Eine rasante, anrührende und ungemein vergnügliche Hochstaplergeschichte

Michael Hartung ist eigentlich schon immer alles gewesen - nur nicht erfolgreich. Schon als junger Mann suchte er im Osten eher den leichten Weg. Der Ex-Eisenbahner und wenig erfolgreiche Videothekenbesitzer bekommt urplötzlich Besuch von einem Journalisten. Dieser glaubt, dass Hartung für eine spektakuläre Massenflucht gesorgt hat, bei der 127 Menschen in einem S-Bahnzug am Bahnhof Friedrichstraße in den Westen gelangten. Der Journalist hat Stasiakten entdeckt, aus denen hervorgeht, dass Hartung, der früher als Stellwerksmeister am Bahnhof Friedrichstraße gearbeitet hatte, die Flucht eingefädelt haben soll. Ganz so war das nicht, aber gegen schnell und leicht verdientes Geld hat Hartung nichts einzuwenden, also beharrt er nicht zu sehr auf den Fakten und das Schicksal nimmt seinen Lauf.

Nach Zahlung eines ordentlichen Honorars und ein paar Bieren ist Hartung bereit, die Story zu bestätigen. Schließlich war er noch nie bedeutend, noch nie ein Held. Und wenn es nun mal so in den Akten steht. Doch wie heißt es bekanntlich? Held werden ist nicht schwer, Held sein dagegen sehr. Wenig später reißen sich die Medien um ihn, Hartung wird vom Bundespräsidenten empfangen, seine Geschichte soll Vorlage für ein Buch und einen Kinofilm werden. Hartungs Leben fühlt sich plötzlich traumhaft und leicht an. Bis er Paula trifft, die als Kind in jenem S-Bahnzug war. Die beiden verlieben sich - und Hartung spürt, dass er einen Ausweg aus dem Dickicht der Lügen finden muss. Obwohl es dafür eigentlich schon zu spät ist. Wie kommt Hartung nur aus der Nummer wieder heraus? Fliegt seine Lüge auf?
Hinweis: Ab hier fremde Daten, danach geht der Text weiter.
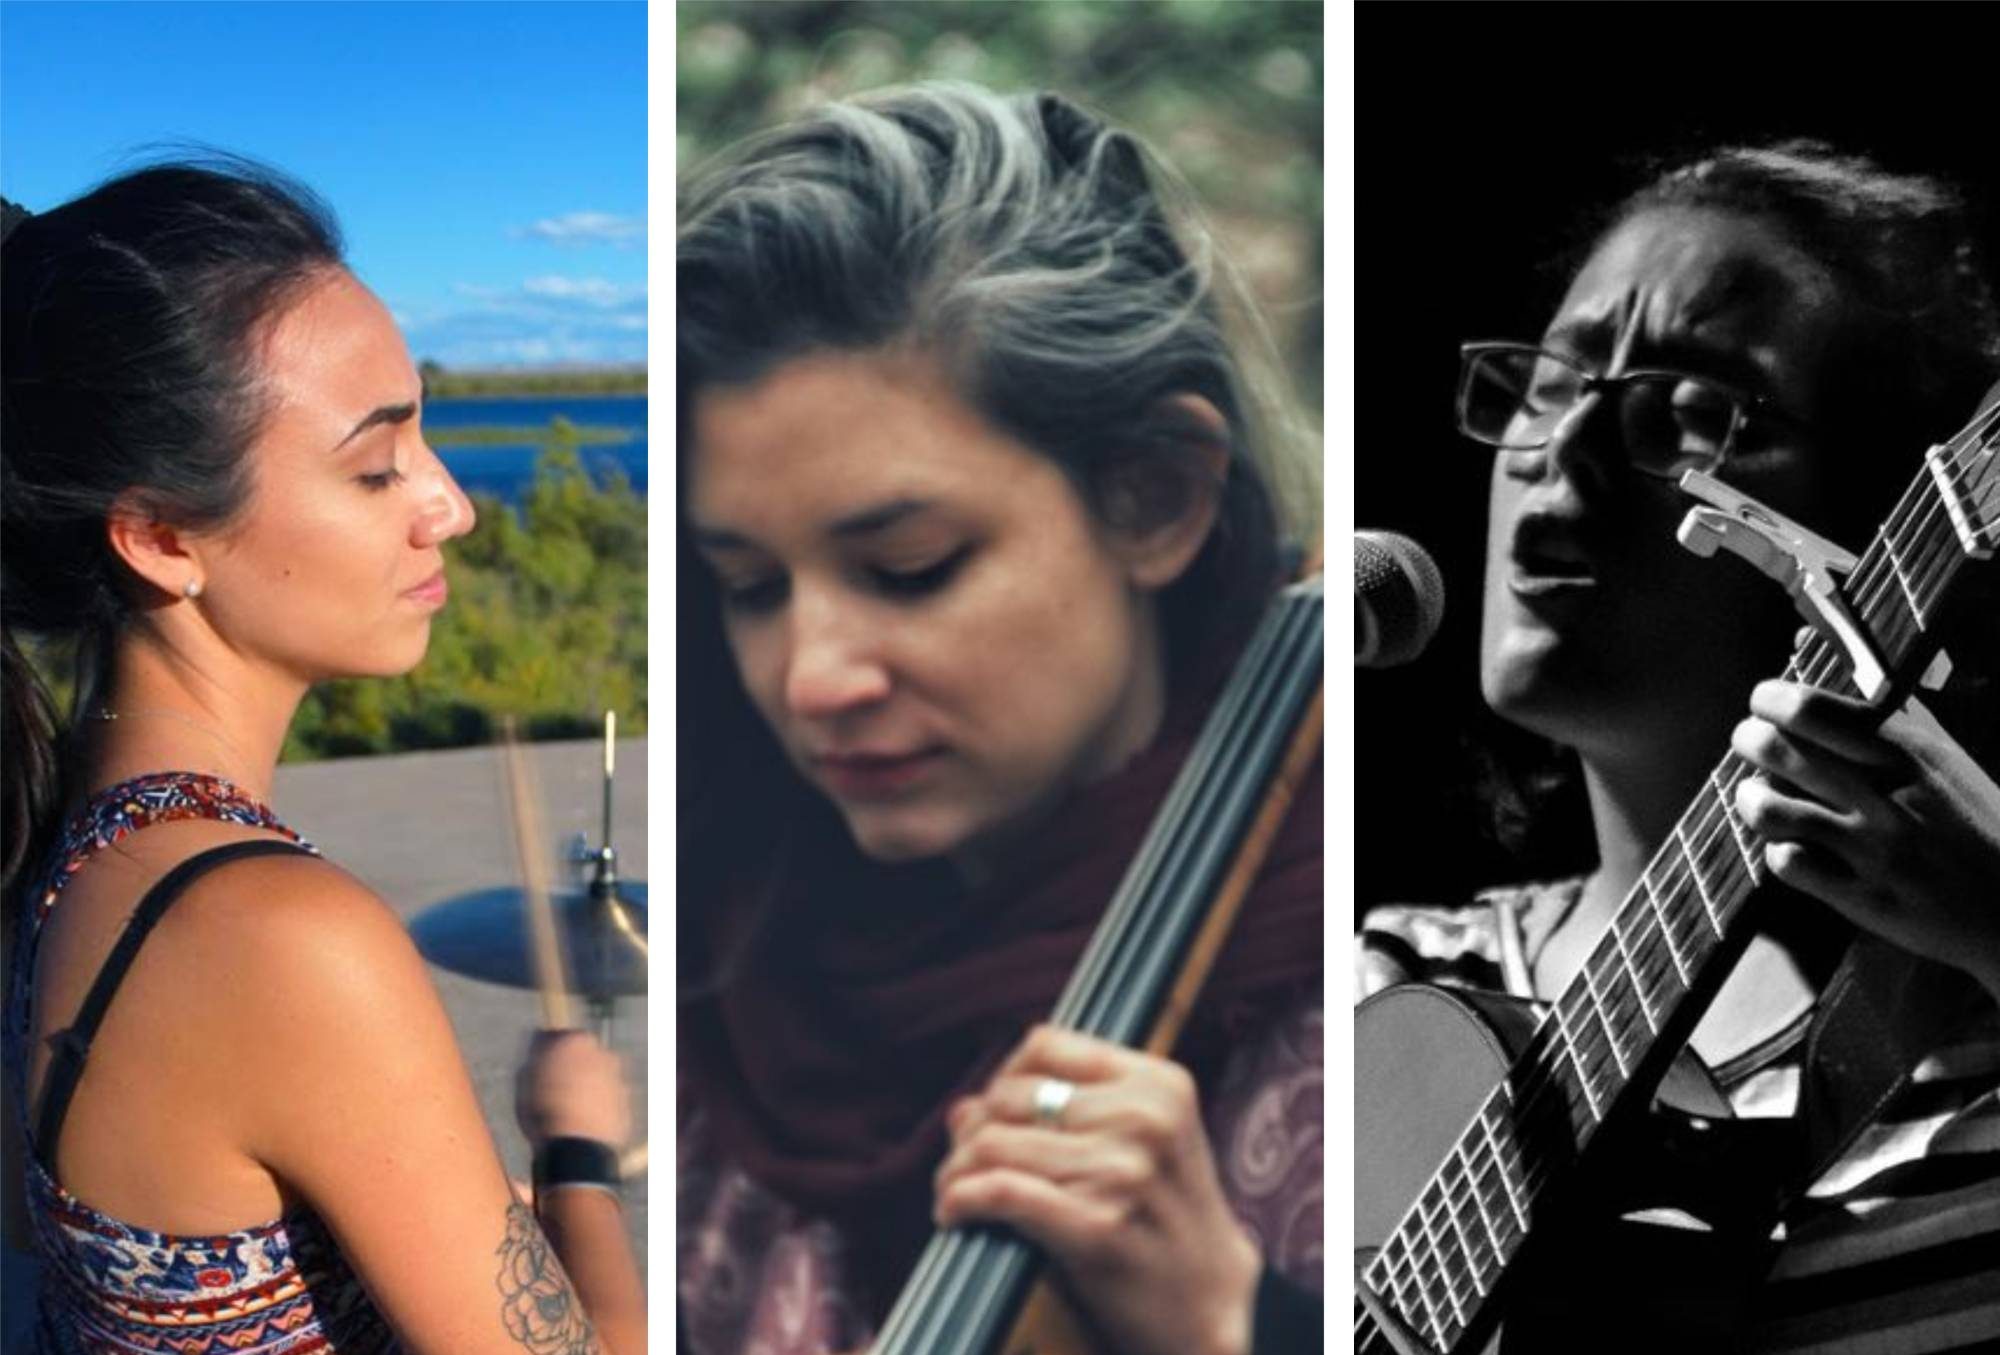 Florencia Olatte, Celia Eymann y Lara Muñoz, las músicas que serán parte, junto a Jeremías Sartori, de la apertura del ciclo "Canción de Estepa".

Literatur, die auf herrlichste Art alles andere als nullachtfünfzehn ist - will man etwas Besonderes, etwas selten Brillantes, etwas geradezu Highmachenderes lesen möchte, sollte unbedingt zu einem Buch aus Maxim Leos Feder greifen. Auch "Der Held vom Bahnhof Friedrichstraße" ist das alles, und noch vieles mehr. Was man hier in die Hände kriegt, ist Unterhaltung fernab von jeglicher Langeweile. Kaum aufgeschlagen, hat man beste Laune, grinst noch breiter als ein Honigkuchenpferd. Der Bestsellerautor veranlasst den Leser zu Freudentänzen, bringt seine Hormone in Wallung und überrascht mit einem Vergnügen par excellence. Solch ein Genuss schlägt andere Neuerscheinungen dieses Jahres teilweise um Längen. Es amüsiert über viele, viele Stunden lang, rührt aber auch zu Tränen. Wie wunderbar!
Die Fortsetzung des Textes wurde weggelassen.